最初の数日は何ともなかったのですが、最近は、

体を固定されるのがこんなにも心的に苦痛なのか・・・
と、大事をとったとは言え、今はギプス固定を自身で決断したことに後悔をしています。
どんな心情になったとしても、一度始まったら治療期限が来るまでギプスは外せません。
頭がおかしくなりそうなところで、偶然、Kindleで途中で読むのを止めていたある小説が目に留まりました。

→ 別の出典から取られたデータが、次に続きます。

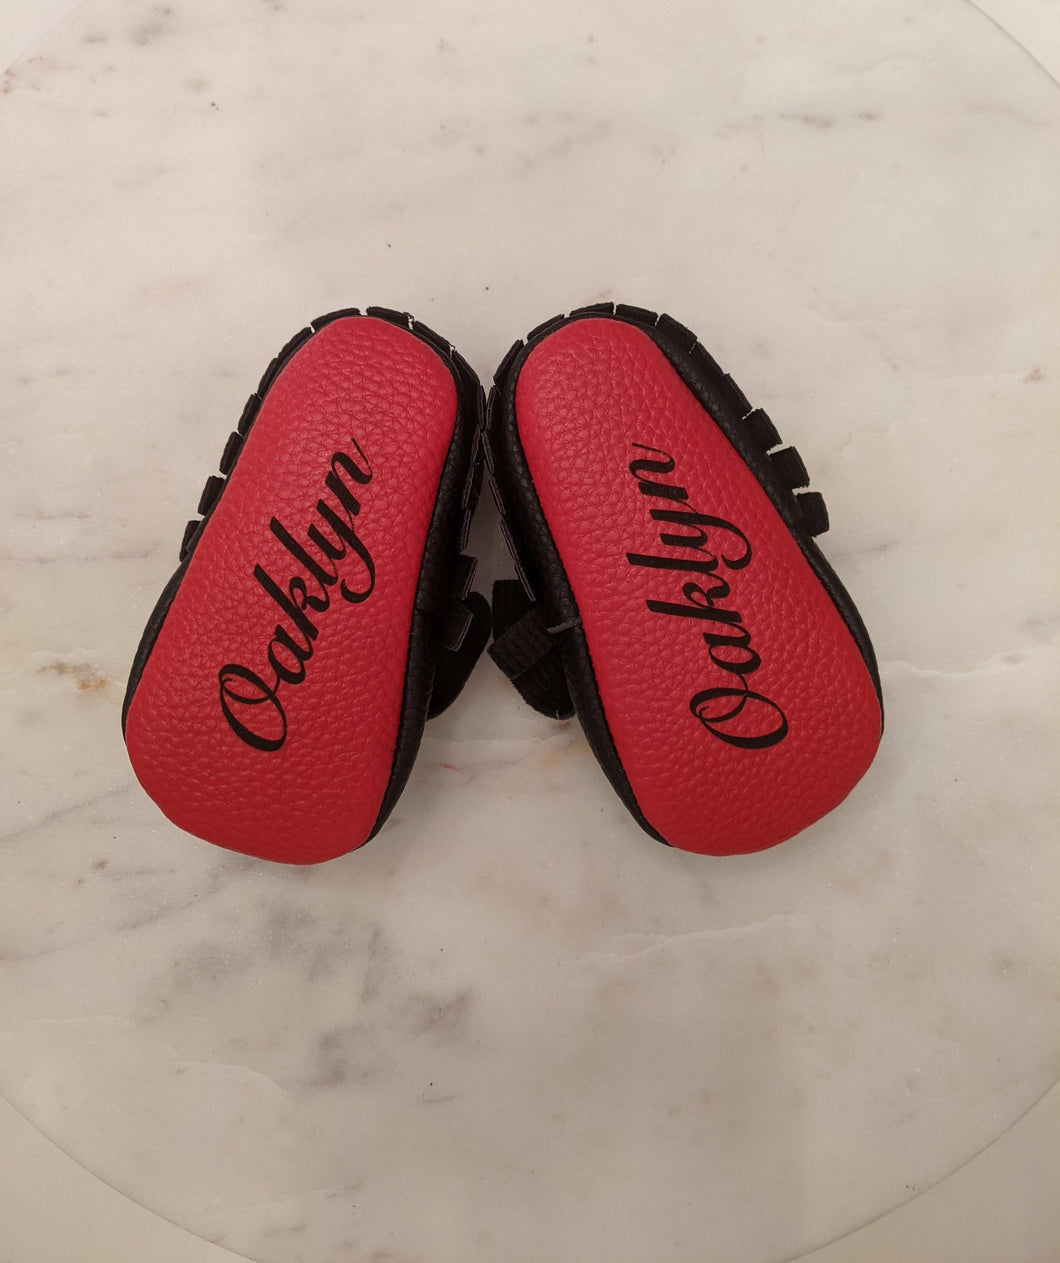 Add On: Personalized Baby Shoes Engraved Baby Gift Baby Moccasins Baby Shoes Moccasins Baby Boy Moccs Baby Moccasins Girls, Baby Shower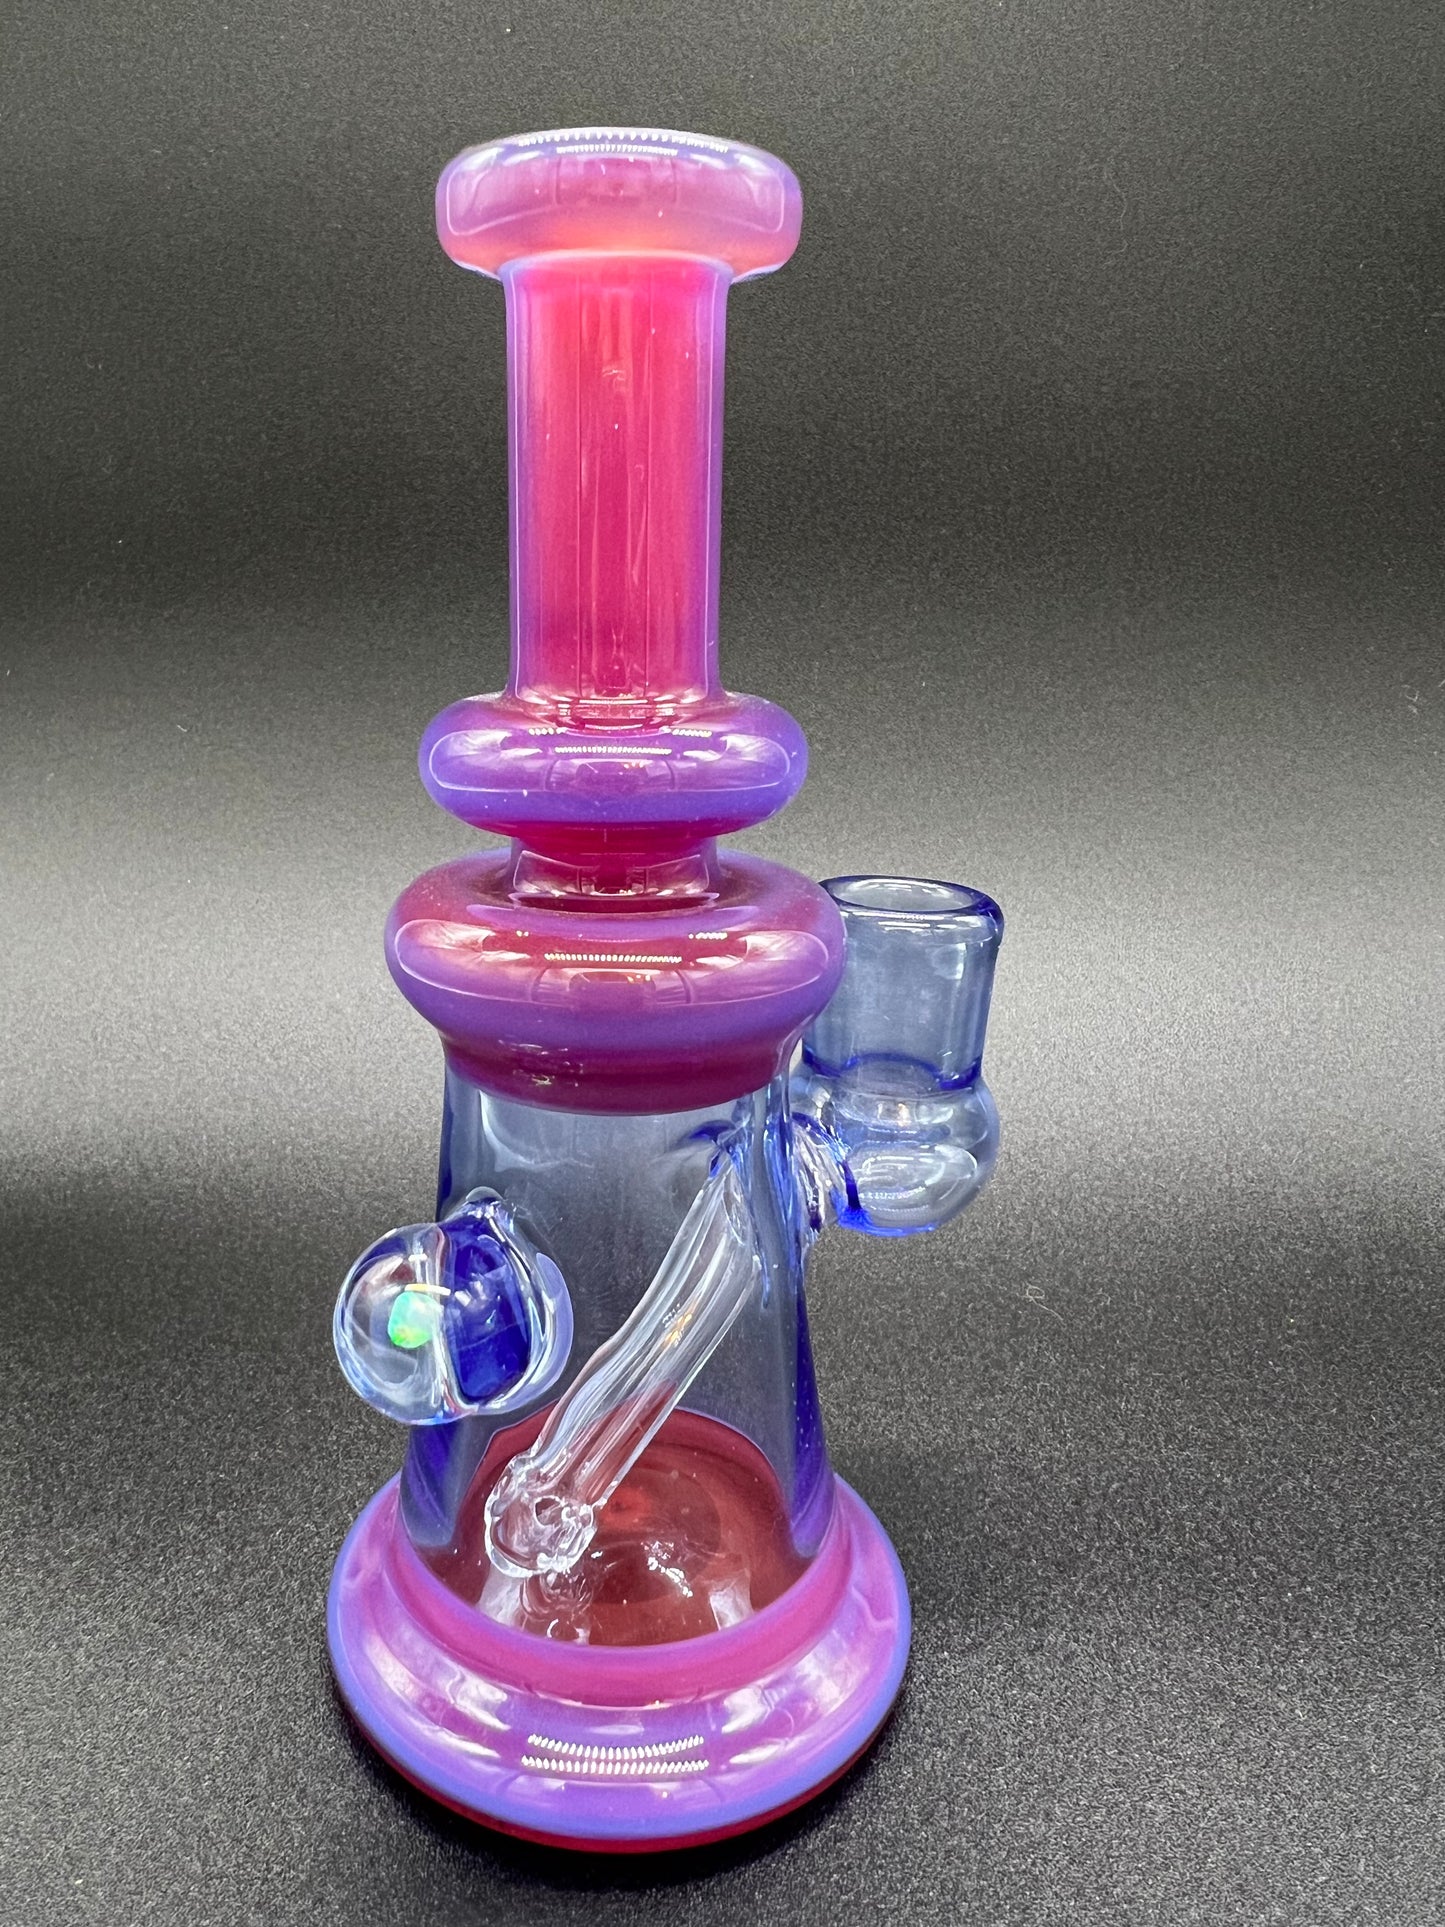 Scully glass rig

今日は、「小川洋子先生の「博士の愛した数式」を読みました」と題してのお話です。
私は小川洋子先生を知りませんでした
今回の読書で小川洋子先生を初めて知りました。調べましたところ、著書数、受賞ともとても多です。と言いますか、多すぎです。
それだけの積み重ねを続けられた小説家の先生でした。
はっきりと分かったことは、私は学が無いということ。人生の時間は限られていて選んで捨てなければいけないのは分かっているのですが、読書量が少なくつくづくバランスの取れていないと思いました。

「博士の愛した数式」について
「博士の愛した数式」は有名な作品ですね。
私も「博士の愛した数式」のタイトルは知っていました。媒体は映画です。
若い頃は映画ばかり見ていた人間ですが、いつしか見るのを止め、機会があったらたまに見るレベルになっていました。
ですので、「博士の愛した数式」のストーリーは全く知らずに小説を読み始めました。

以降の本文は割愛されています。